Over the last three months, the Euro has appreciated 10% against the Dollar and by smaller margins against a handful of other currencies. Over the last twelve months, that figure is closer to 20%. That’s in spite of anemic Eurozone GDP growth, serious fiscal issues, the increasing likelihood of one or more sovereign debt defaults, and a current account deficit to boot. In short, I think it might be time to short the Euro.

There’s very little mystery as to why the Euro is appreciating. In two words: interest rates. Last week, the European Central Bank (ECB) became the first G4 Central Bank to hike its benchmark interest rate. Moreover, it’s expected to raise rates by an additional 100 basis points over the next twelve months. Given that the Bank of England, Bank of Japan, and US Federal Reserve Bank have yet unwind their respective quantitative easing programs, it’s no wonder that futures markets have priced in a healthy interest rate advantage into the Euro well into 2012.

From where I’m sitting, ECB rate hike was fundamentally illogical, and perhaps even counterproductive.

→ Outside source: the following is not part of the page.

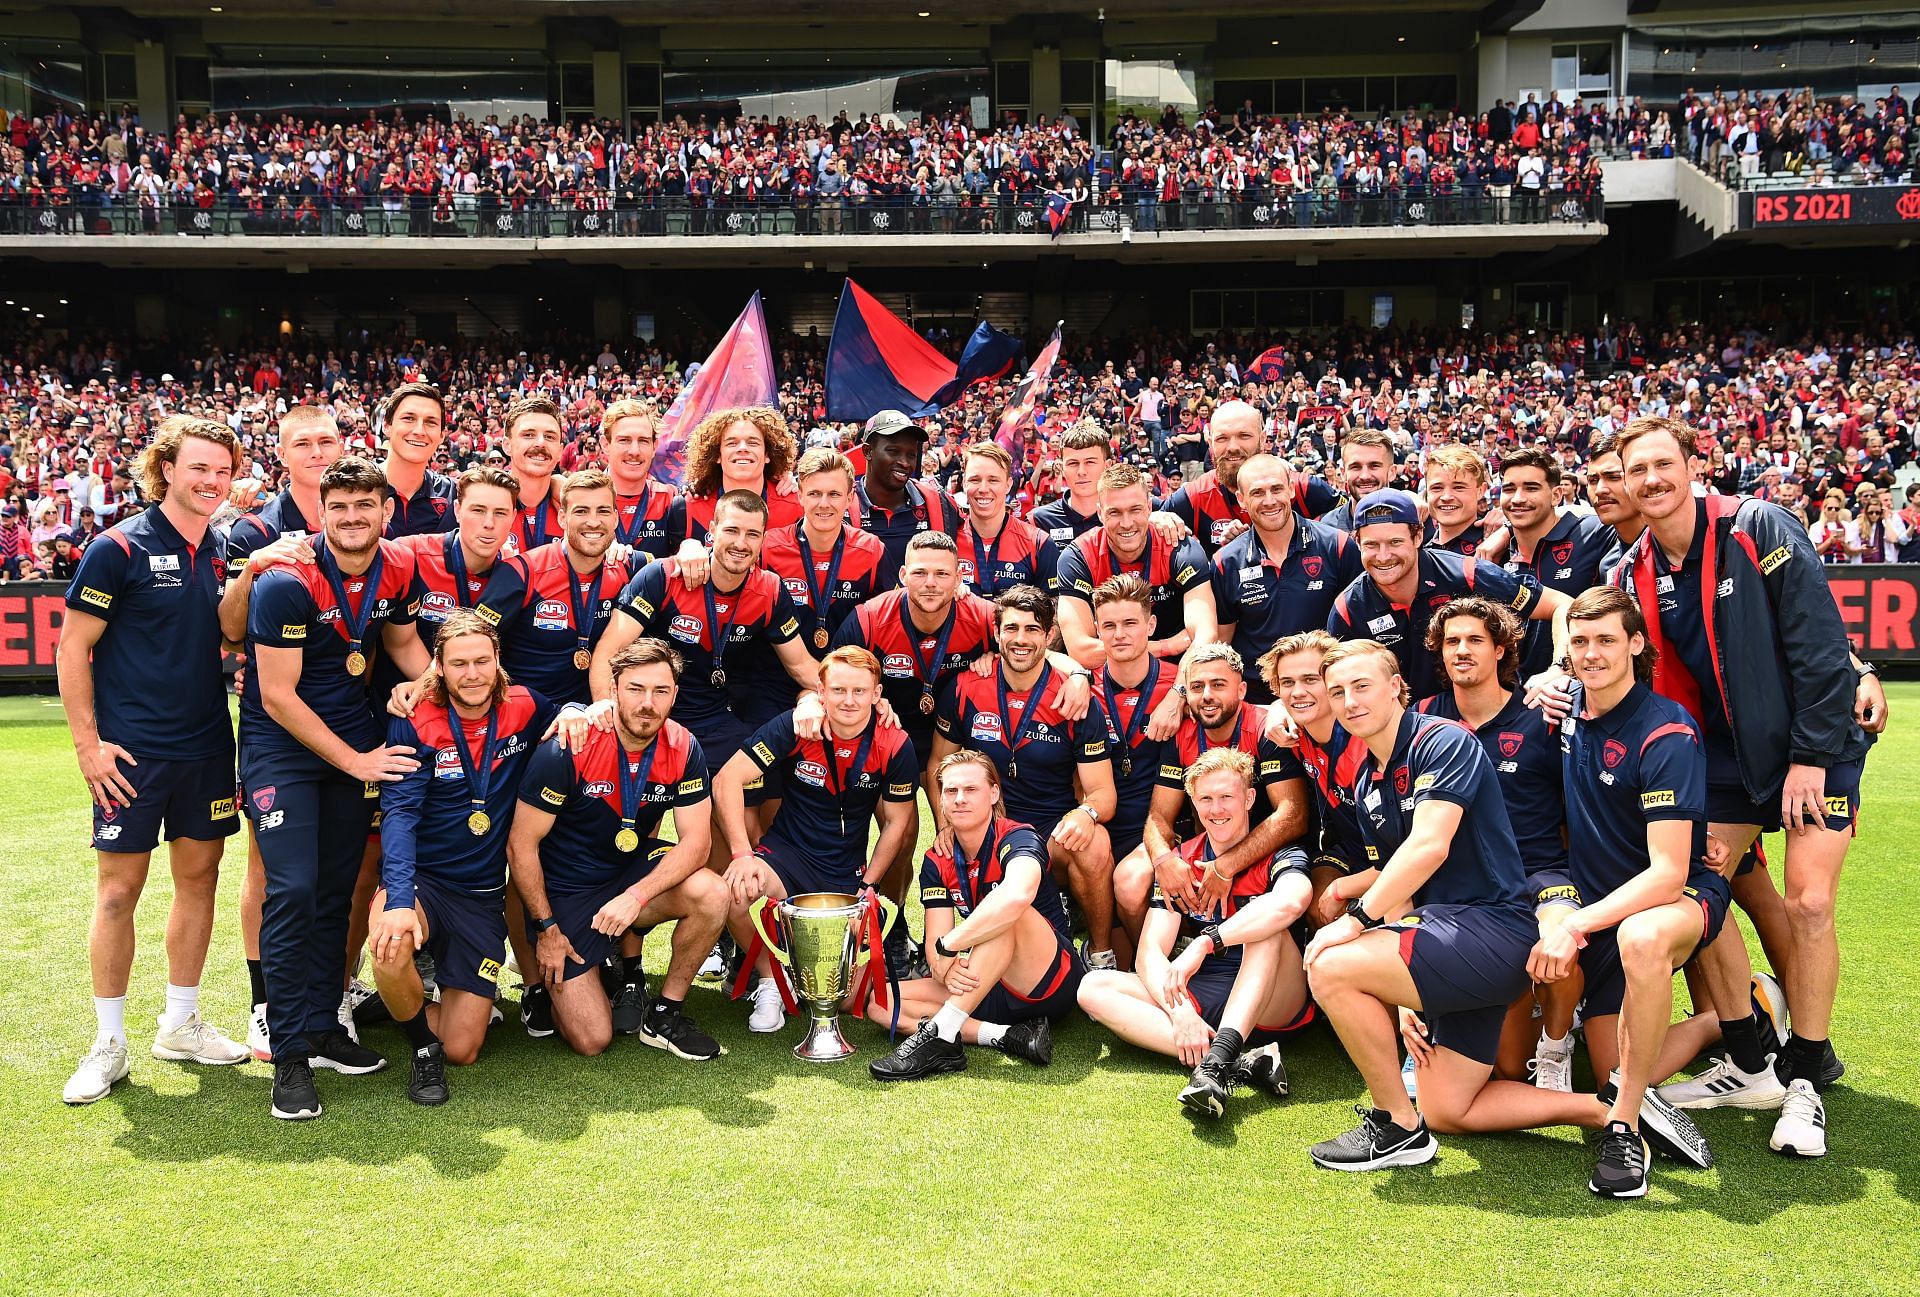 The Demons pose with the trophy during the Melbourne Demons AFL Premiership Celebration
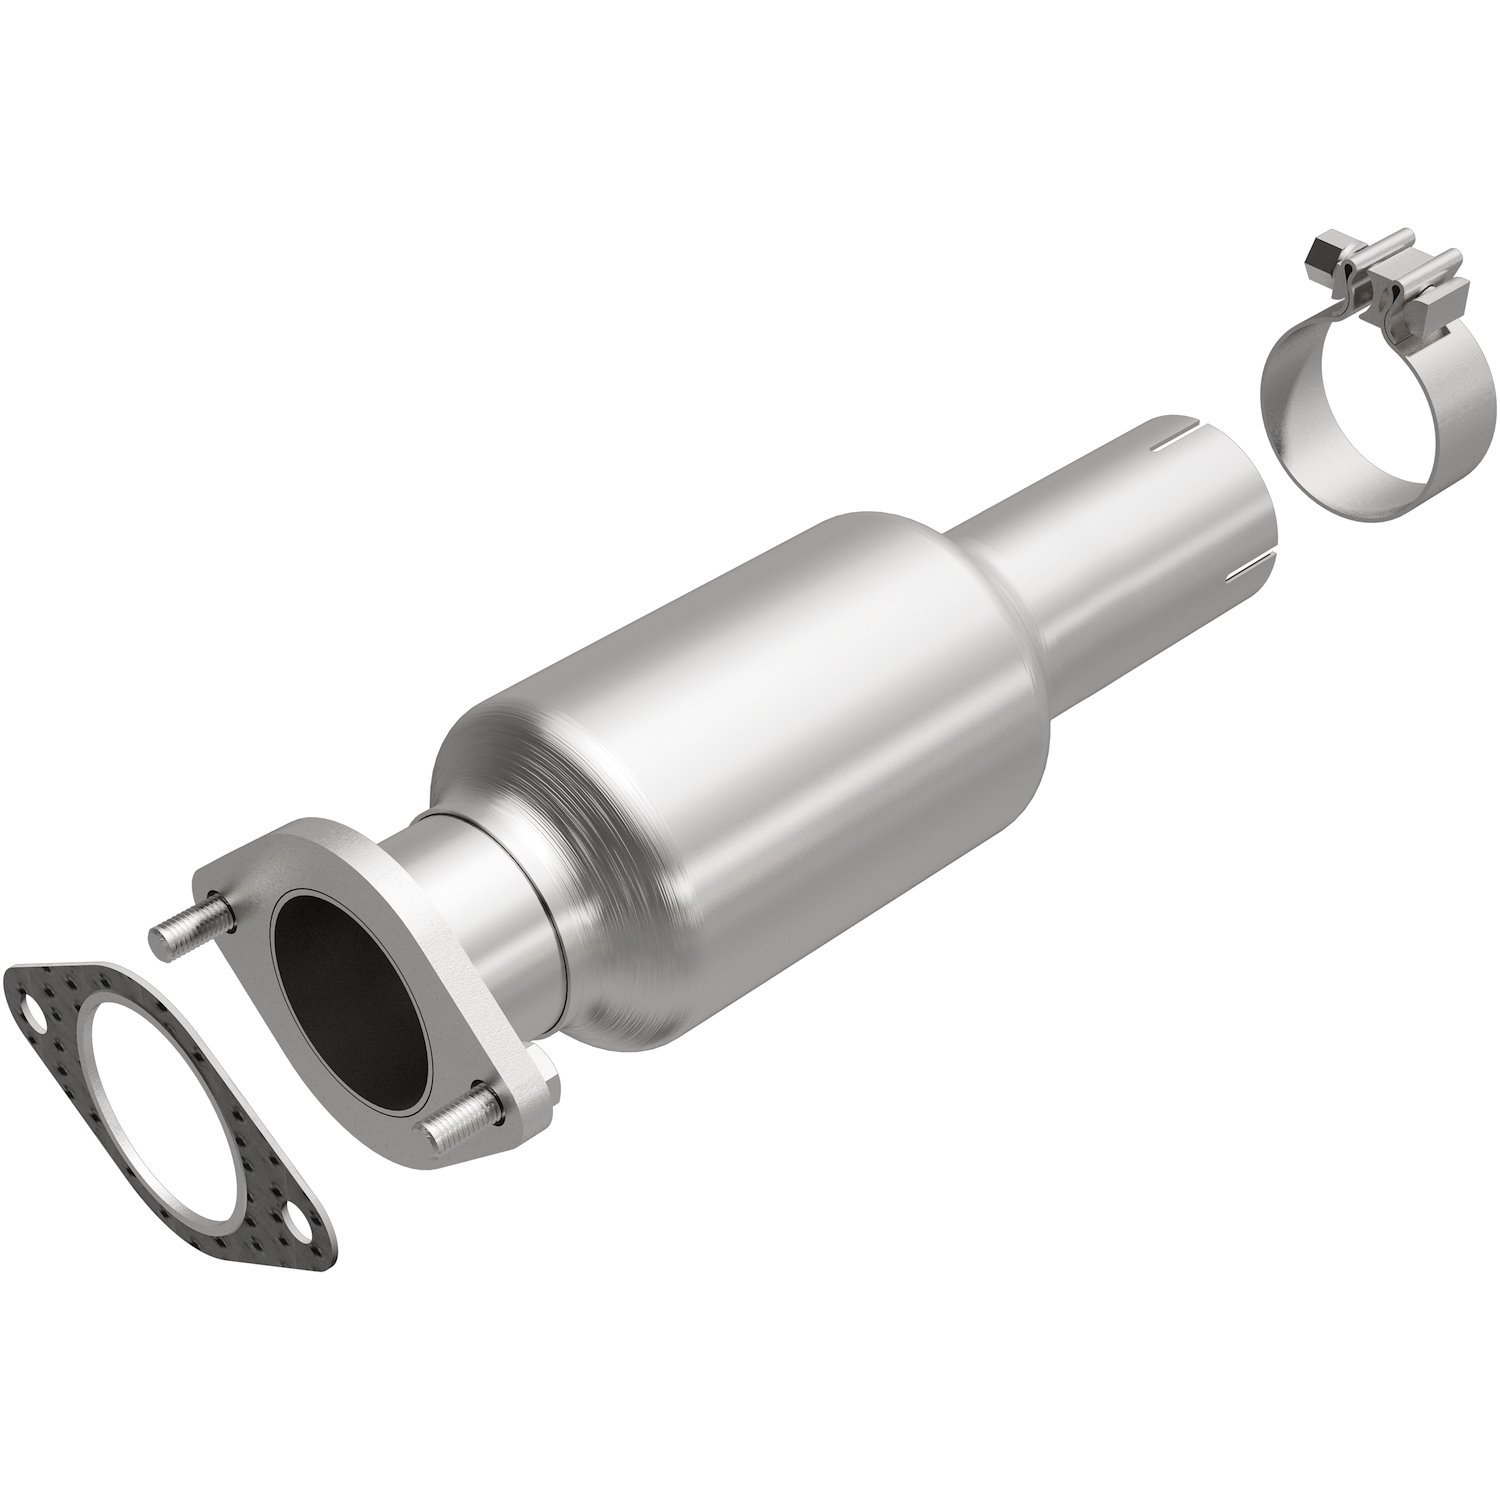 2013-2020 Ford Fusion OEM Grade Federal / EPA Compliant Direct-Fit Catalytic Converter

Granted, the ECB was created to ensure price stability, and its mandate is less nuanced its counterparts, which are charged also with facilitating employment and GDP growth. Even from this perspective, however, it looks like the ECB jumped the gun. Inflation in the EU is a moderate 2.7%, which is among the lowest in the world. Other Central Banks have taken note of rising inflation, but only the ECB feels compelled enough to preemptively address it. In addition, GDP growth is a paltry .3% across the EU, and is in fact negative in Greece, Ireland, and Portugal. As if the rate hike wasn’t bad enough, all three countries must contend with a hike in their already stratospheric borrowing costs, ironically making default more likely. Talk about not seeing the forest for the trees!

If the rumors are true, Portugal will soon become the third country to receive a bailout from the EU. (It should be noted that as recently as November, Portugal insisted that it was just fine and that a bailout wasn’t necessary). Its sovereign credit rating is now three notches above junk status. Today, Greece became the first Eurozone country to be awarded this dubious distinction, and Ireland is now only one downgrade away from suffering the same fate. Of course, Spain insists that it is just fine and denies the possibility of a bailout. At this point, though, does it have any credibility? Based on rising credit default swap rates (which serve as a gauge of the probability of default), I think that investors have become a little more cynical about taking governments at face value.

I have discussed the fiscal woes of the Eurozone in previous posts, and don’t want to dwell on them here. For now, I’d only like to add a footnote on the extent to which their problems are intertwined.  Banks in Germany and France (as well as the rest of the EU) have tremendous balance sheet exposure to PIGS’ sovereign debt, which means that any default would multiply across the Eurozone in the form of bank failures. (You can see from the chart below that the exposure of the US is small, relative to GDP).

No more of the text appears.